Fabrication of mechanically-adjustable devices with two opposing graphene electrodes
The goal of this project is to fabricate mechanically-adjustable devices with two face-to-face graphene electrodes. The design of the devices will allow us to perform electrical measurements of molecules spanning between the graphene electrodes while varying the distance between the graphene electrodes and also simultaneously carrying out optical microscopy/spectroscopy through the graphene. Microfluidic channels are designed to bring in liquid solutions of interest to the space between the opposing graphene sheets. This report presents the structure of the device, the fabrication scheme, and our recent progress.
Figure 1 shows the schematic of our device. The central part of this device consists of two opposing suspended graphene sheets initially separated by a distance of 100’s of nm. The graphene sheets are contacted by metal wires for electrical measurements, and suspended over small holes to allow for simultaneous optical microscopy and spectroscopy. We also incorporate microfluidic channels connected with inlet and outlet ports, which will enable us to bring in liquids of interest to the space between the opposing graphene sheets. A previous study  demonstrated that with the application of external pressure, suspended graphene sheets can be deflected by over 150 nm. Our device will combine this ability with the opposing graphene geometry, deflecting the graphene sheets together with external pressure to vary the distance between them in a controlled manner.
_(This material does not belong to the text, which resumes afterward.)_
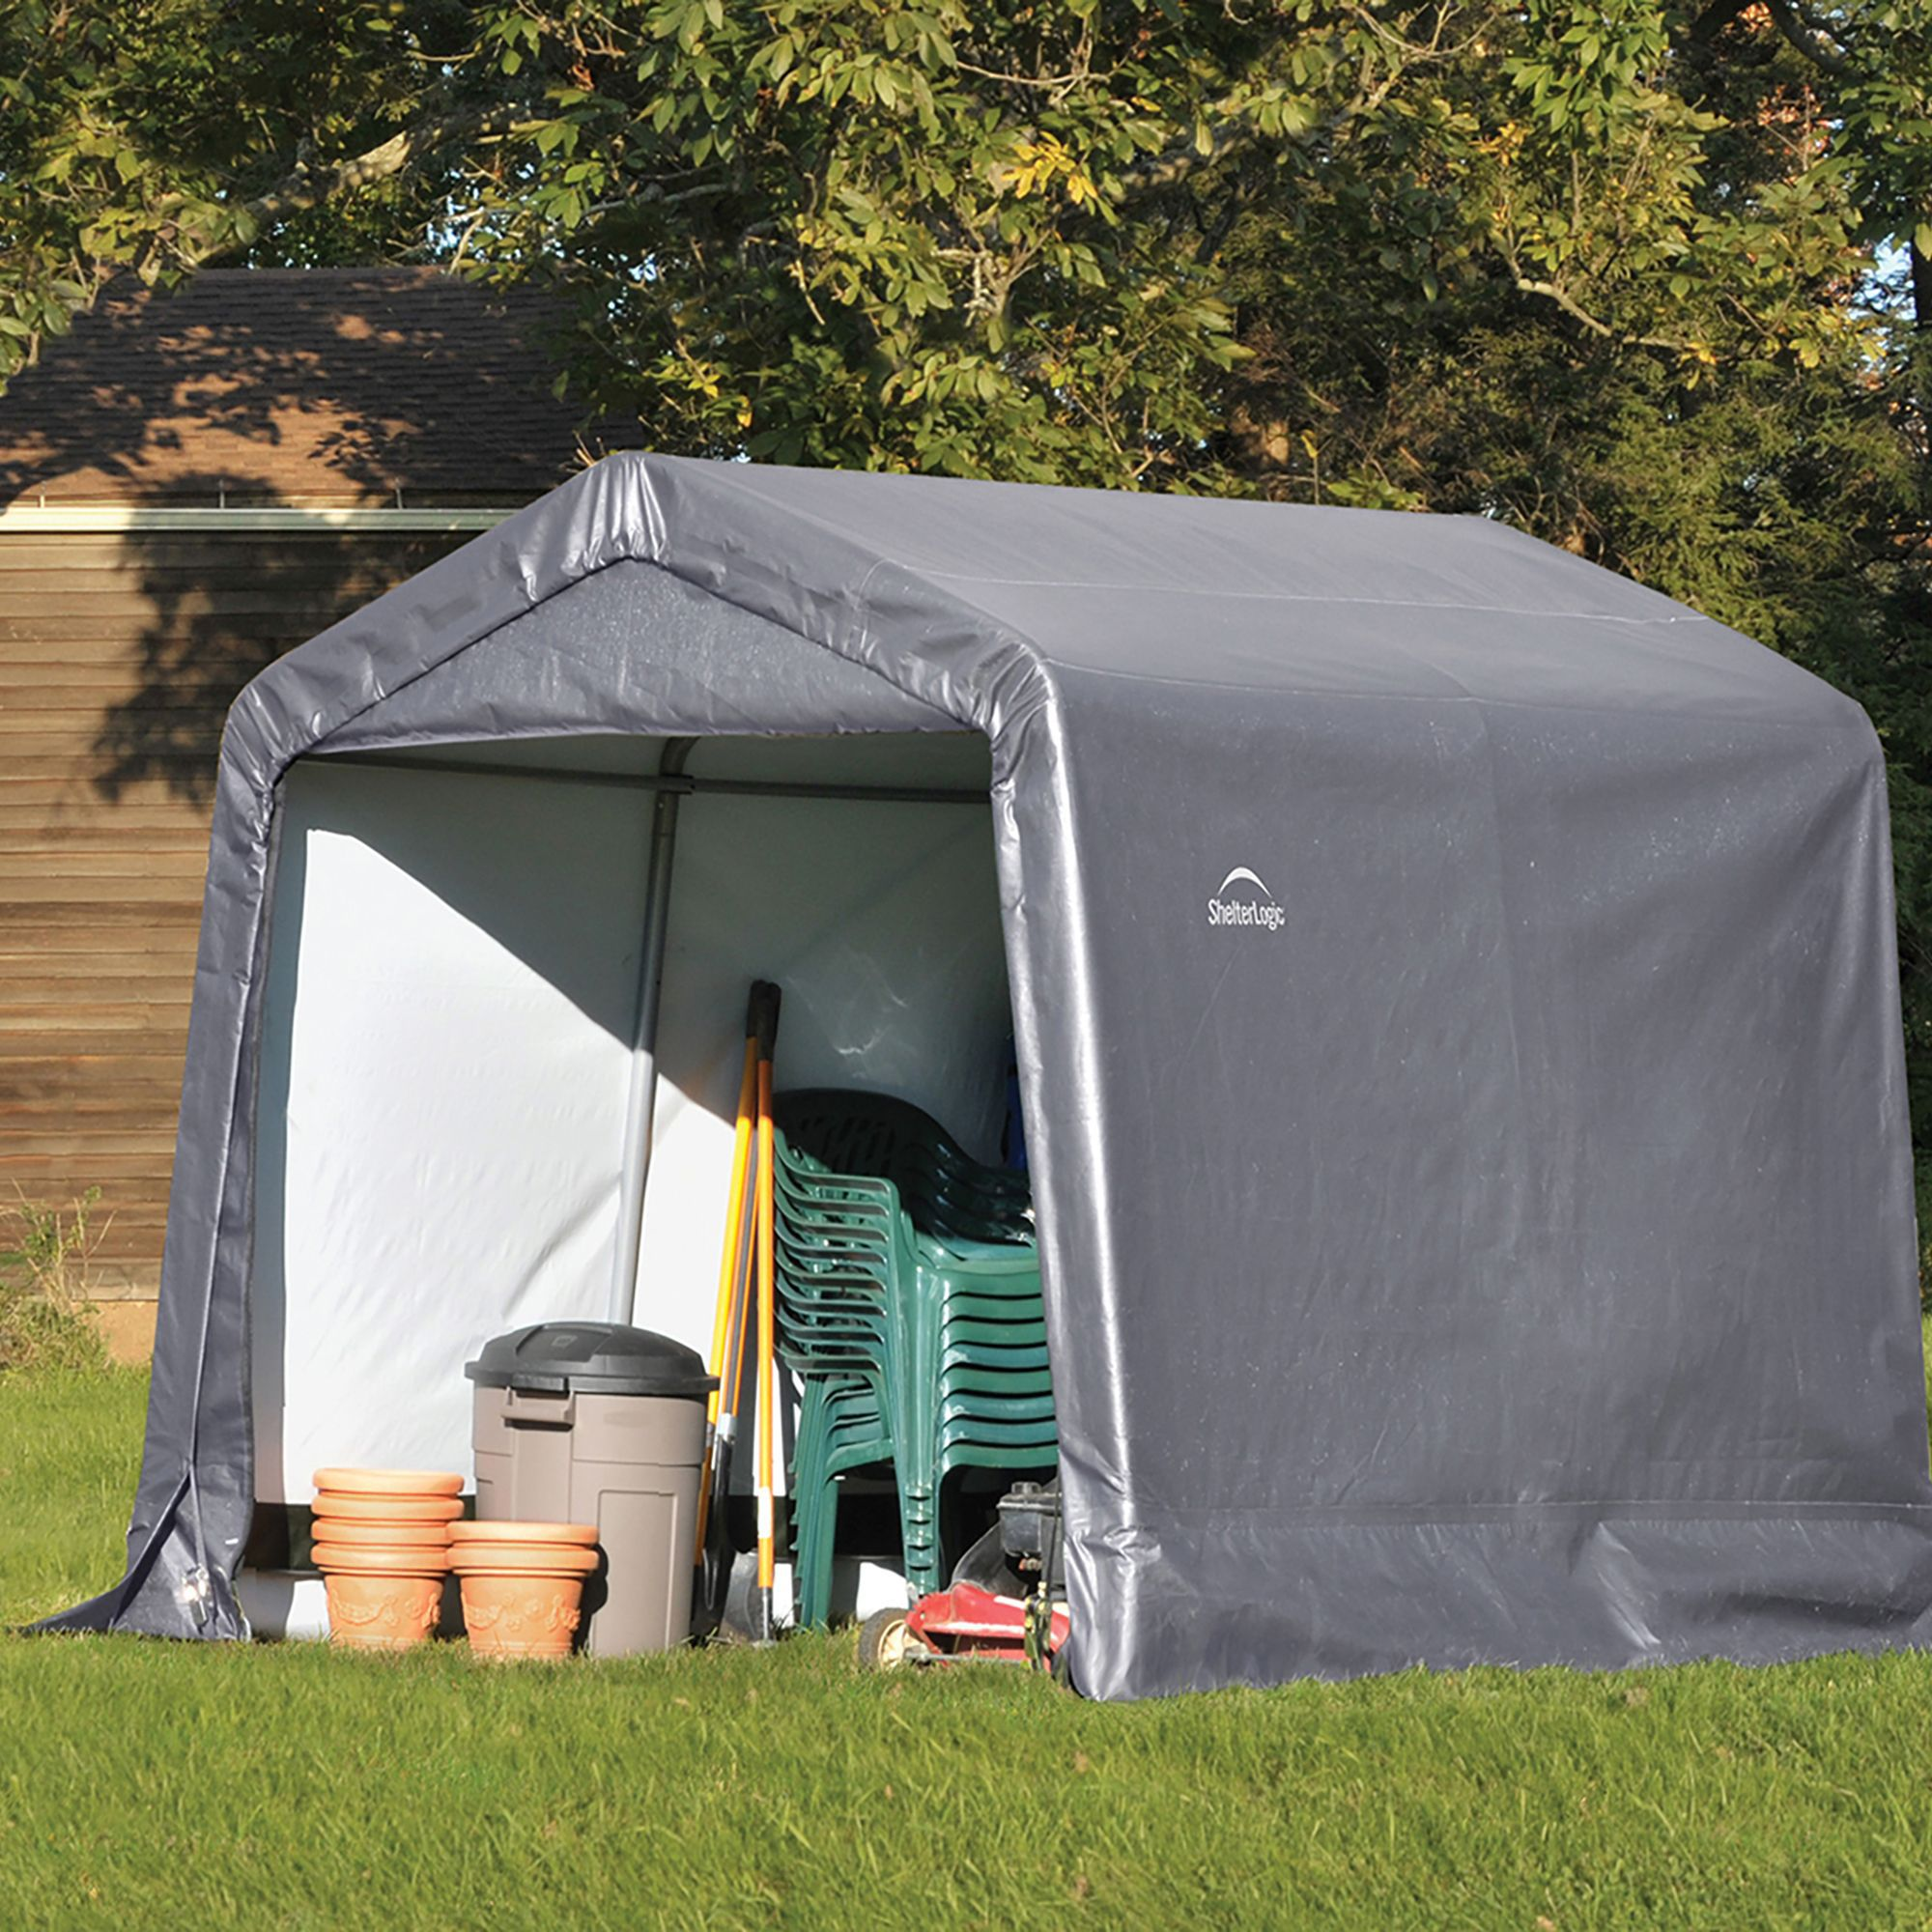 Shelterlogic & Sheds Cabins u0026 Summerhouses | Outdoor u0026 Garden

Novel types of experiments will be enabled by this design while taking advantages of the unique high conductivity, transparency, and mechanical strength of graphene.
Figure 2 illustrates the process flow that we are developing to realize the device. The devices are fabricated with two wafers that respectively support the top and bottom graphene sheets. These two wafers are prepared separately, and then bonded together to achieve the final opposing graphene geometry. To prepare the wafer supporting the bottom graphene, we start with a 4 inch silicon wafer coated with 300 nm low stress silicon nitride on both sides. We first pattern the silicon nitride on one side of the wafer and use it as an mask for KOH etching to suspend a silicon nitride membrane on the other side of the wafer and create 100 × 100 µm2 windows (Fig. 2a). Following this, we define multiple metal leads on the wafer using photolithography (Fig. 2b). Small holes to be used for suspending the graphene are then etched on the suspended silicon nitride membrane using CHF3/O2 plasma (Fig. 2c), producing hole diameters ranging from 4 to 6 µm. At this stage, the wafer is ready for graphene transfer. To increase the yield of suspended graphene and maintain a relatively clean graphene surface, CVD graphene grown on copper foil is transferred onto the wafer using the method used in Ref. , which removes the PMMA on graphene by thermal annealing instead of organic solvents (Fig. 2d). The wafer supporting the top graphene is prepared following similar procedures, except that additional windows are opened in the wafer during the KOH etching step to expose the metal leads on the bottom wafer after bonding, and also to permit the introduction of microfluidic inlets/outlets (Fig. 2f). No metal leads are defined on the top wafer before bonding.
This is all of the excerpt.